The American Association for Long-Term Care Insurance estimates that for a 60-year-old couple in good health, what they deem an optimal LTC policy -- one with a $150 daily benefit at plan inception, three-year benefit period, 90-day elimination, 100% home care benefit, 3% compounded annual inflation protection, and spousal discount -- would be valued at $164,000 for each person, while at age 80, it would be $325,000 for each person. The cost of such a plan? On average ~$3,840/year as of January 2014.
Other LTC Stats
- LTC care of some kind will be needed by 70% of Americans who are aged 65 today, according to the Department of Health and Human Services.
- According to the American Association for Long-Term Care Insurance, premiums have risen 4.8% on average in the past two years. Estimated out-of-pocket health care costs $50,000 if retirement lasts over 10 years, and nearly triples if retirement lasts 20 years, according to the Health Care Cost Institute.
- Despite rising LTC premiums, benefits and cost of living adjustments are being cut –most LTC carriers no longer offer what had once been an industry standard: 5% compound inflation protection. Rather this has fallen to 3% compounded annually, and in some cases has been dropped entirely.

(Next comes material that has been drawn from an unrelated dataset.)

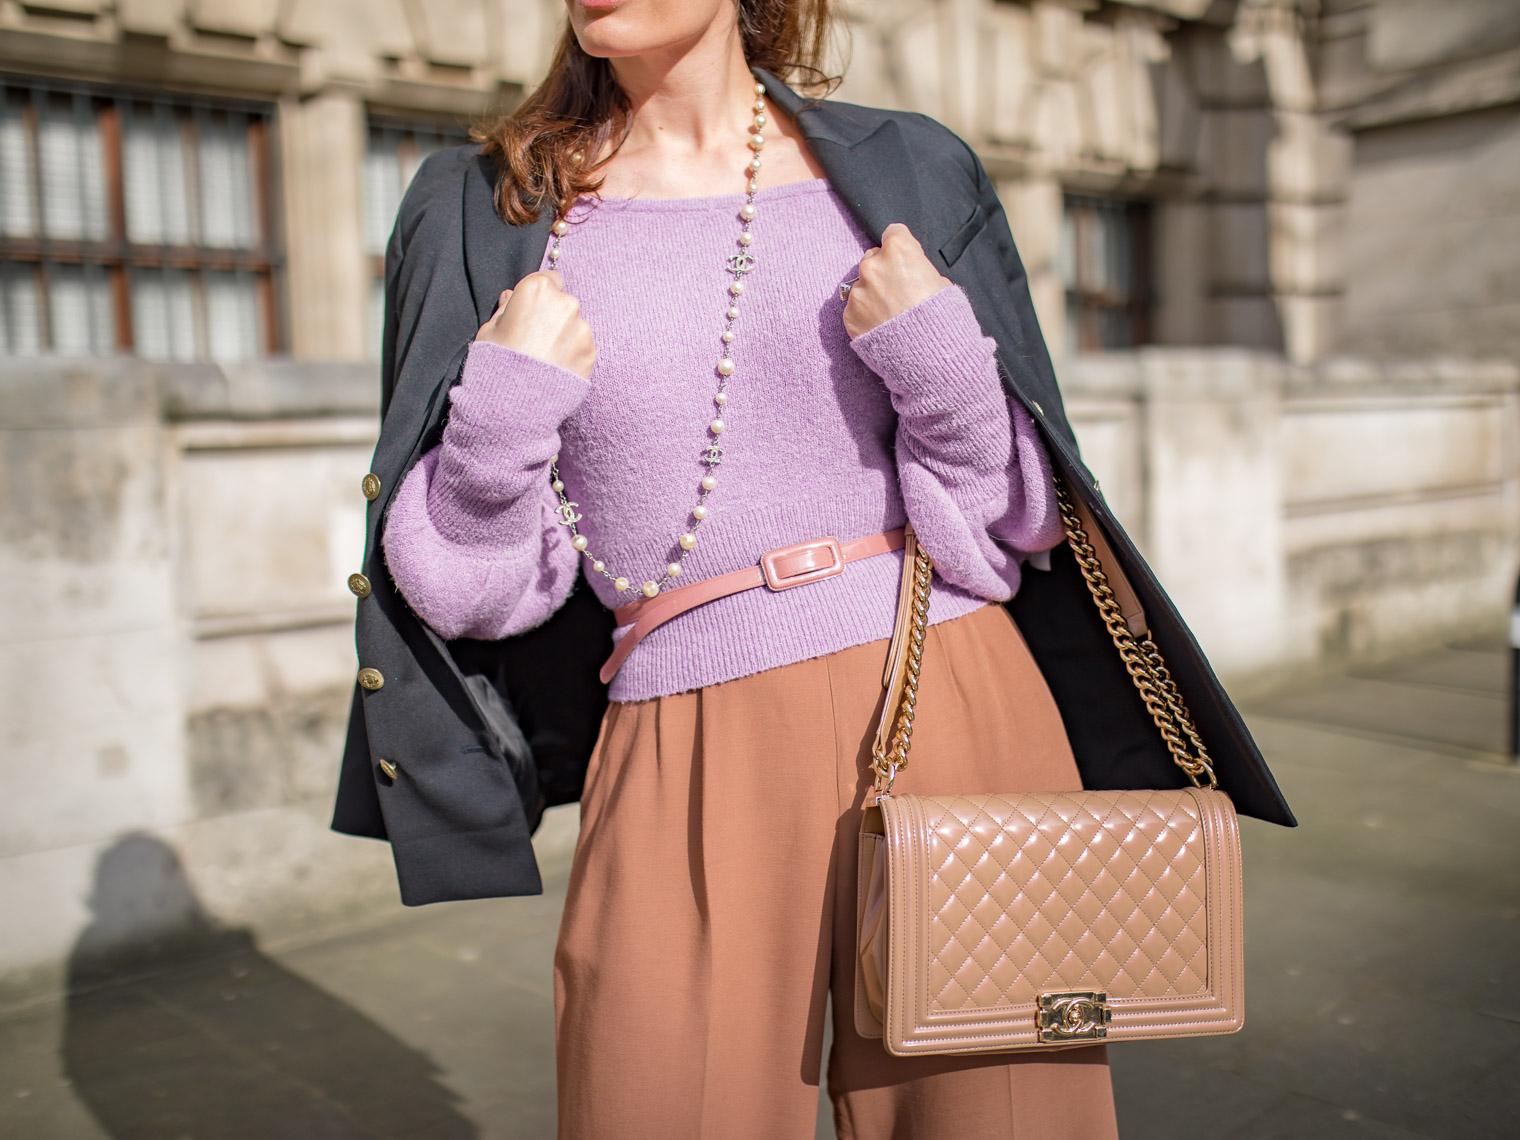 Chanel pearl necklace Chanel Boy bag Keepsake purple sweater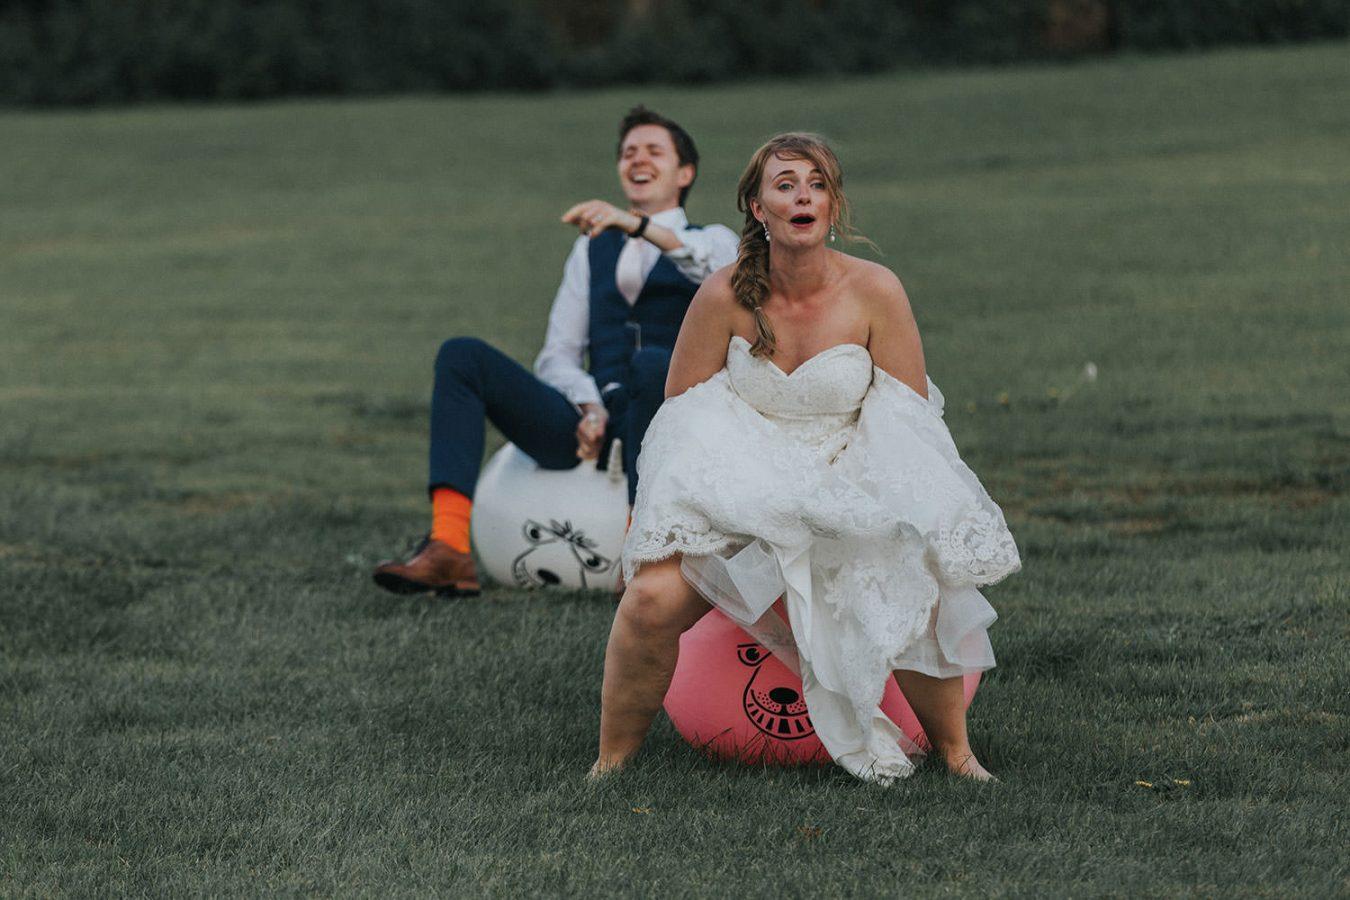 copdock-hall-wedding-photography-056

- Another common benefit now extinct is the “refund of premium” benefit that allowed heirs to collect premiums the client already made if the insured died before a certain age, minus any benefits already paid against the policy.
- The LTC insurance industry has declined from its heyday in the 1970s. Only Genworth, New York Life, John Hancock and Transamerica Financial remain in the LTC business. Mergers in the LTC industry mean that some clients may find that their premiums are not honored by the insurer that acquired their former provider, and also may see higher rates, according to TIAA-CREF Life.